In Which My Prodigal Claim is Proved False

When I was in 1st or 2nd grade, I wrote the following composition on a piece of 1st or 2nd grade practice paper (you know, that tissue-thin stuff with the blue and red lines designed so that every laboriously-created letter could have a guiding mark?):

What is once loved.
You will find.
Is always yours.
Take it home.
In your mind.
And nothing ever can take it away.


I still have that piece of paper with the above words printed upon it, and while at times I've felt proud of those strangely poetic words, mostly, I've had the sneaking suspicious that I stole them.

Not on purpose, of course, but at that age, everything is about recitation and imitation. That's the only way to learn, really.

So today of all days I decided to do a Google hunt and see if I could find "my" poem under someone else's name.
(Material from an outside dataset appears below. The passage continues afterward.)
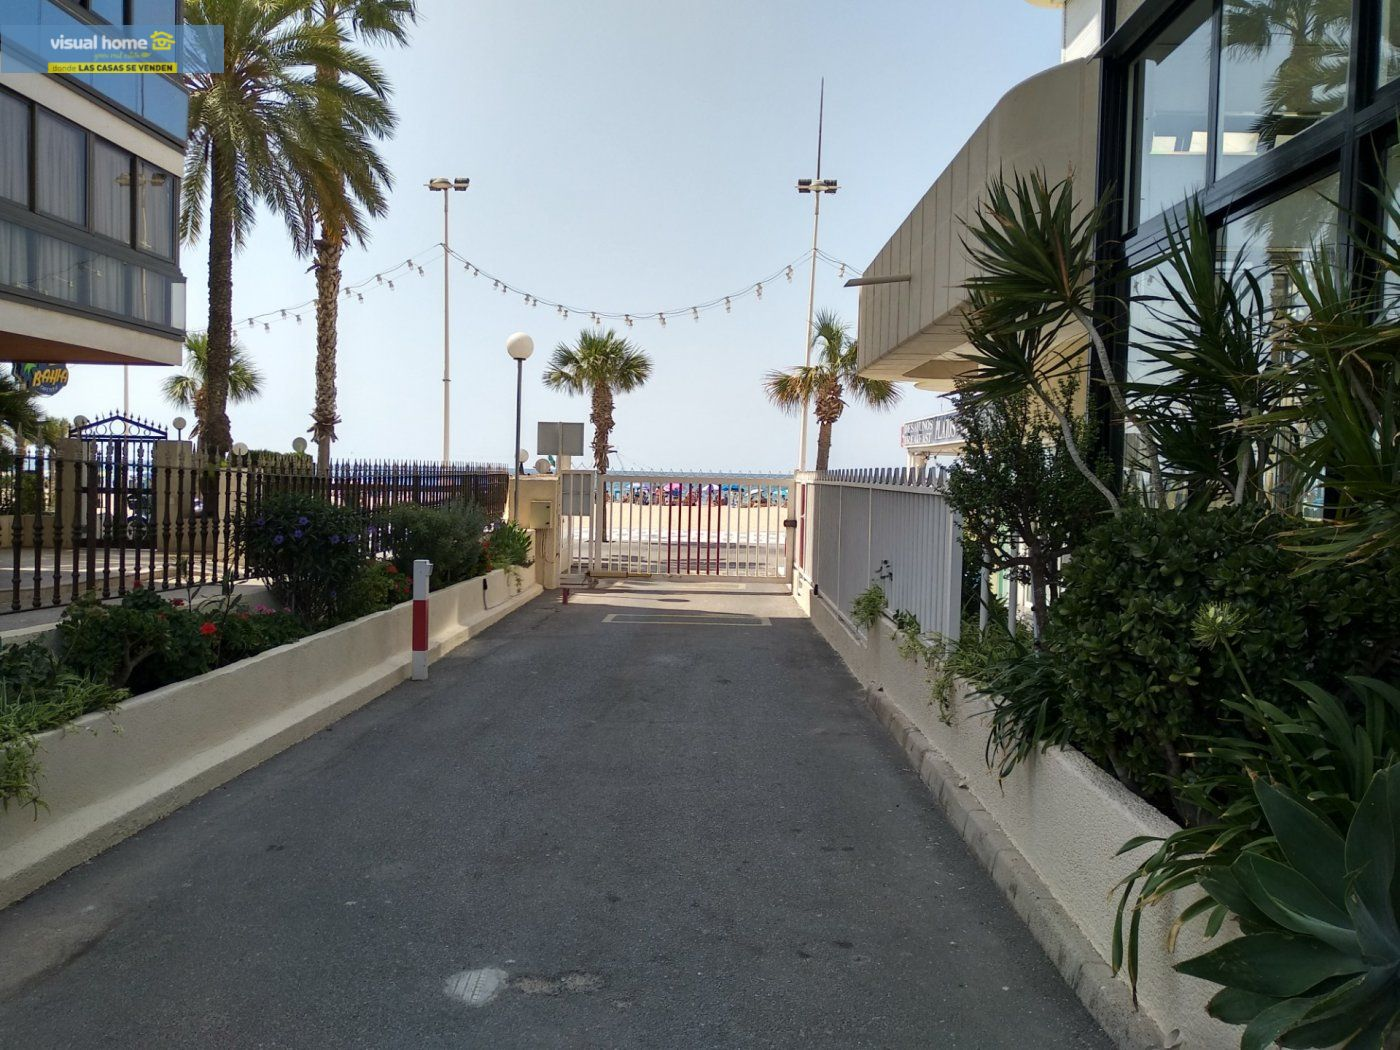 Apartamento de 1 dormitorio con espectaculares vistas  en 1ª linea de playa con parking y piscina 34

Here's what I found, at the bottom of a chapter of Harry Potter fanfic, of all places:

"What is once loved, you will find, is always yours from that day.
Take it home, in your mind, and nothing ever can take it away."

- Elizabeth Coatsworth

And then I did a search for Elizabeth Coatsworth, and found this:
http://www.oldchildrensbooks.com/collectors-corner/authors/elizabeth-coatsworth

She was a children's book author, which of course makes sense; If I had stolen that verse from somewhere, it would have been from a book. Even back then, I was a ridiculous reader.

It also occurs to me, however, that maybe I didn't steal this verse on my own; one of my teachers could have printed it on the board for everyone to copy.

But then again, what if that wasn't it? What if it wasn't even an assigned, or an unconscious theft? What if we were asked to write something, and I, well aware that my composition was unoriginal, scrawled it out anyway? Holly Gruntner: violating copyrights since 1998.

The world may never know.

I guess I'm glad this mystery is finally (mostly) solved, but I'm a little sad at the same time.

I would have liked to have been a child prodigy.

2 comments:

Anonymous said...

This little poem has been a guiding principle in my life since middle school in Mrs. tannahill's class at Fitch Jr. High, ft. Ord/Seaside California, c.1964-5. I've been trying to find it in print somewhere for as long as I've had access to the Internet and so far, yours is the only time I've come across it. I recited it to a friend last night and had another look just now, and now I know at least one other person for whom this has entered their psyche.

Anonymous said...

Wow. Now I know: Elizabeth Coatsworth. Thanks.